### ASSIGNMENT
Down to the last line, set down the material below exactly, excluding pictures.

### DATA SHOWN

++++++++++

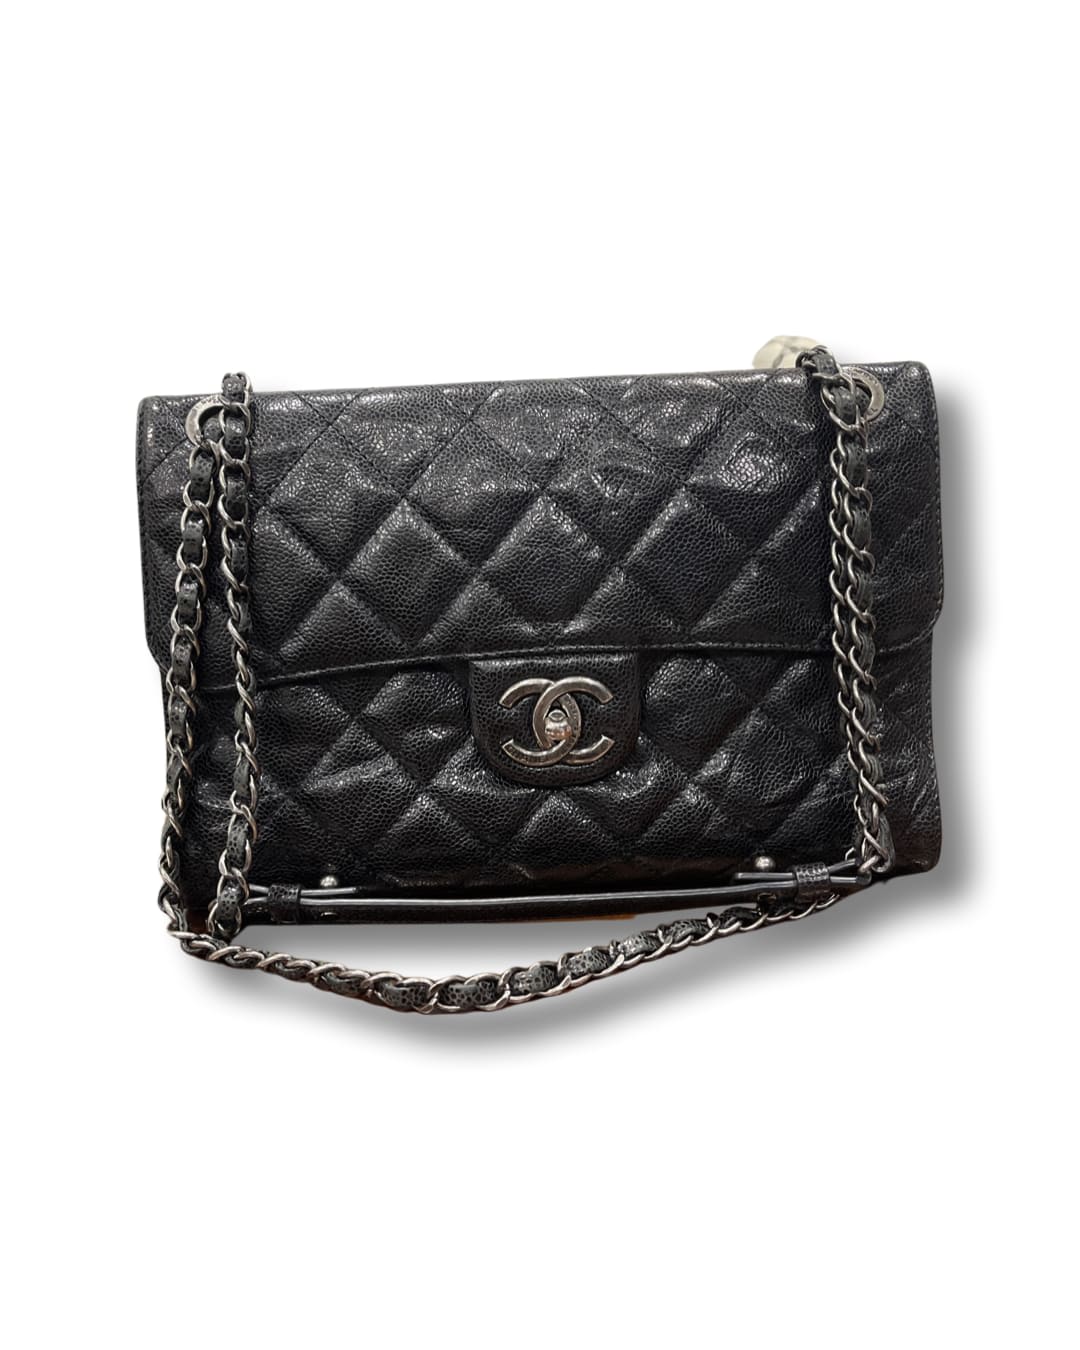 Chanel CC Crave Flap Bag Quilted Glazed Caviar Medium - Chanel
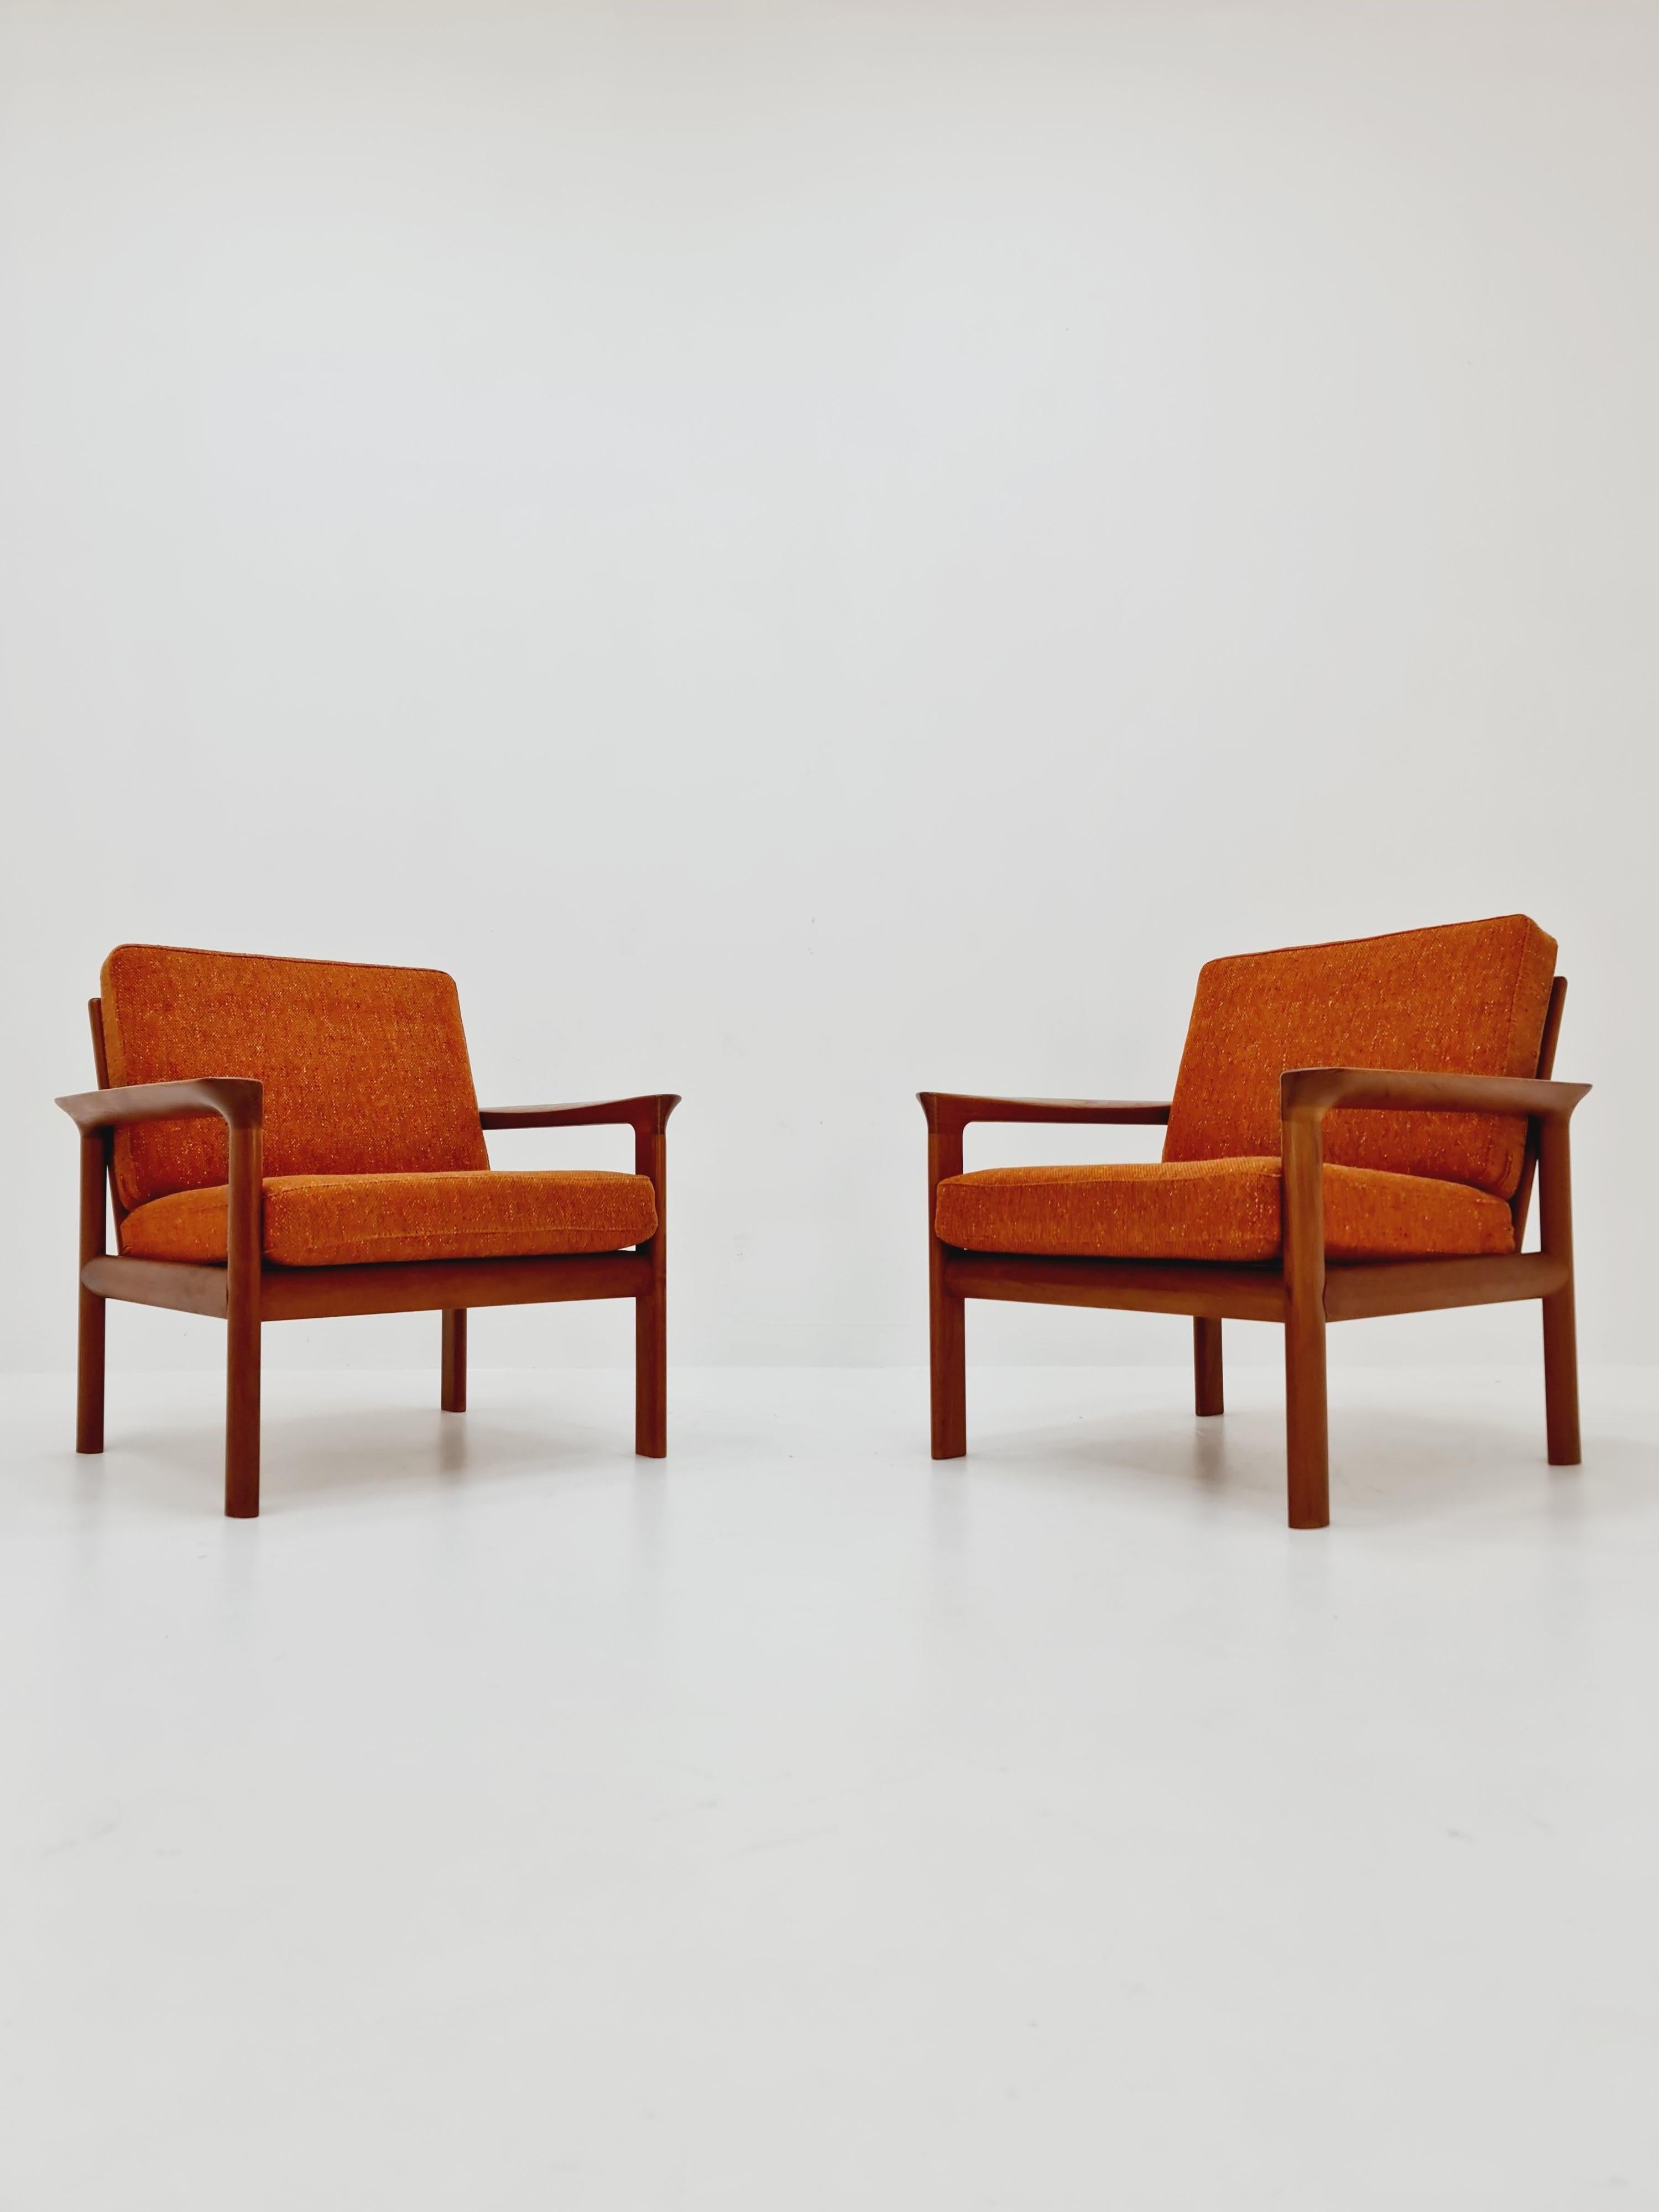 Mid century teak easy lounge chairs by Sven Ellekaer for Komfort, Set of 2, 1960s


It is in great condition. However, as with all the vintage items some minor wear marks should be expected. The upholstery is in good condition and the chairs are

++++++++++

### WRITTEN RESPONSE
 Chanel CC Crave Flap Bag Quilted Glazed Caviar Medium - Chanel
 Mid century teak easy lounge chairs by Sven Ellekaer for Komfort, Set of 2, 1960s


It is in great condition. However, as with all the vintage items some minor wear marks should be expected. The upholstery is in good condition and the chairs are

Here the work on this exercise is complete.